Outside the Asylum
About six weeks ago, I wrote an essay called “Cultural Engineering,” in which I laid out the ways in which reactionaries have manipulated American culture since the Powell memo (1972). It was primarily a historical overview. I now want to connect that history to our present. It’s easy to see the blatant abuses that arise from our current, deformed culture: a man is murdered in broad daylight by police officers, who get away with it because their victim was black; an economy founders due to widespread, reckless fraud by the largest banks in the world, as a result of which people lose their jobs, are defrauded out of their homes, and bankers get away with it because they are rich. These abuses are easy to see. But other forms of suffering arising from our culture's deformation are not so visible. I’m interested in making them visible. But if I don’t lay some groundwork, the pain I show you will look trivial, even frivolous, and it won’t remain visible for long.
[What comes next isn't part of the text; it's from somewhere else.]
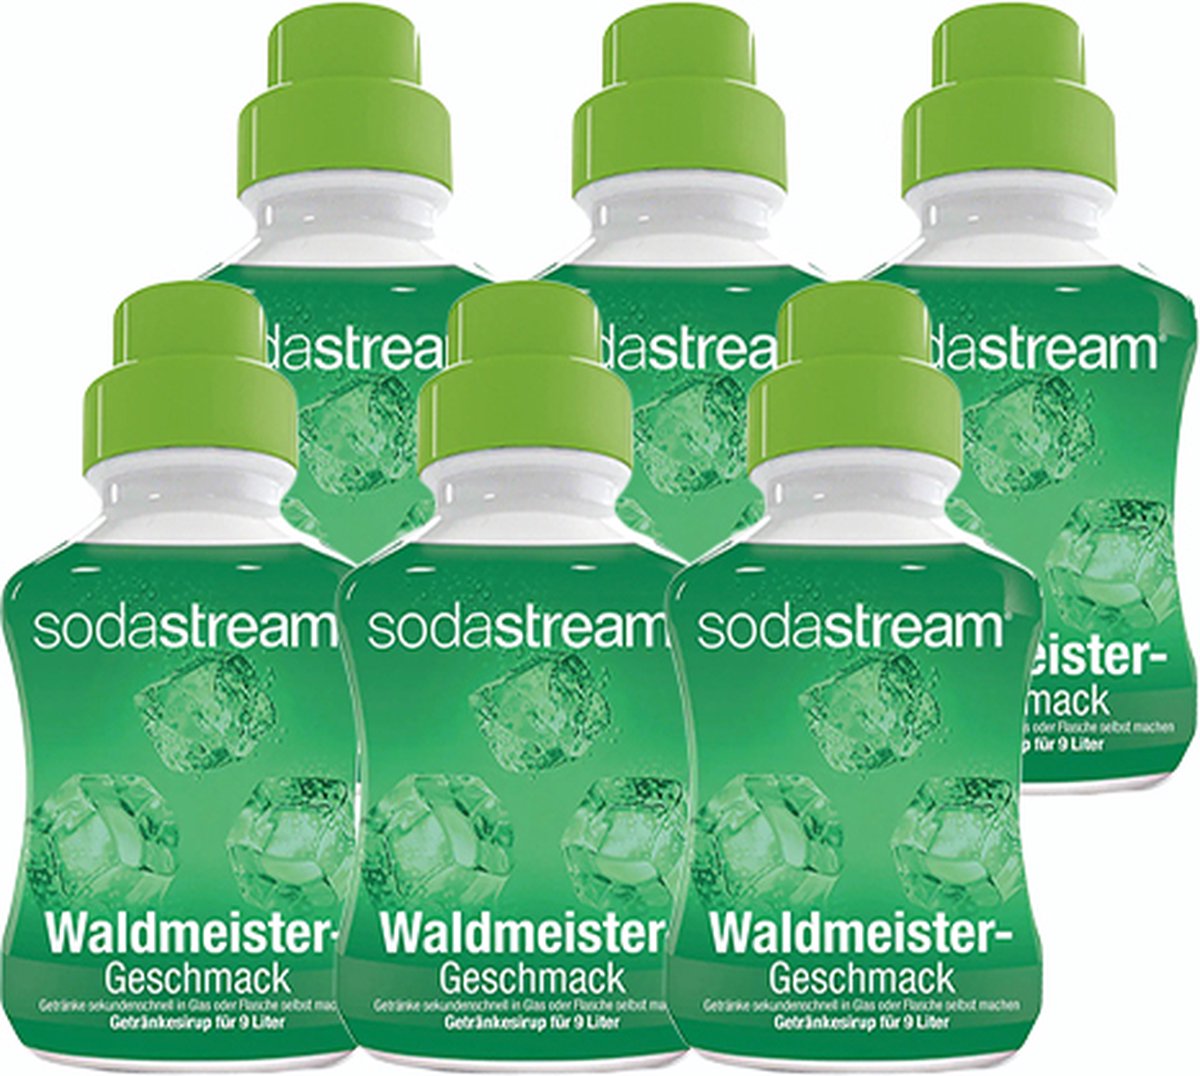 Sodastream - Waldmeister (lievevrouwebedstro) - 6x 375ml | bol.com

One way to manipulate a culture is to alter what is and is not considered important. You can do that through politics, media (either fictional or putatively factual), education, or religion. A coordinated media, running under cartel-like economic conditions, is more than capable of succeeding at this kind of manipulation with relative ease.
Under the most Orwellian circumstances, these alterations can be made almost moment to moment, and no one (apparently) will even remember that we were fighting Eastasia fifteen minutes ago. Under more normal circumstances, including the ones we’re living under now, the alterations are made more subtly, and the mechanism by which they are made is both subtle and simple. You simply show important people (leaders in politics, religion, or commerce) brushing aside a certain concern or topic, and make sure all your media talking heads do the same, with a faint air of world-weary superiority and unmoored contempt.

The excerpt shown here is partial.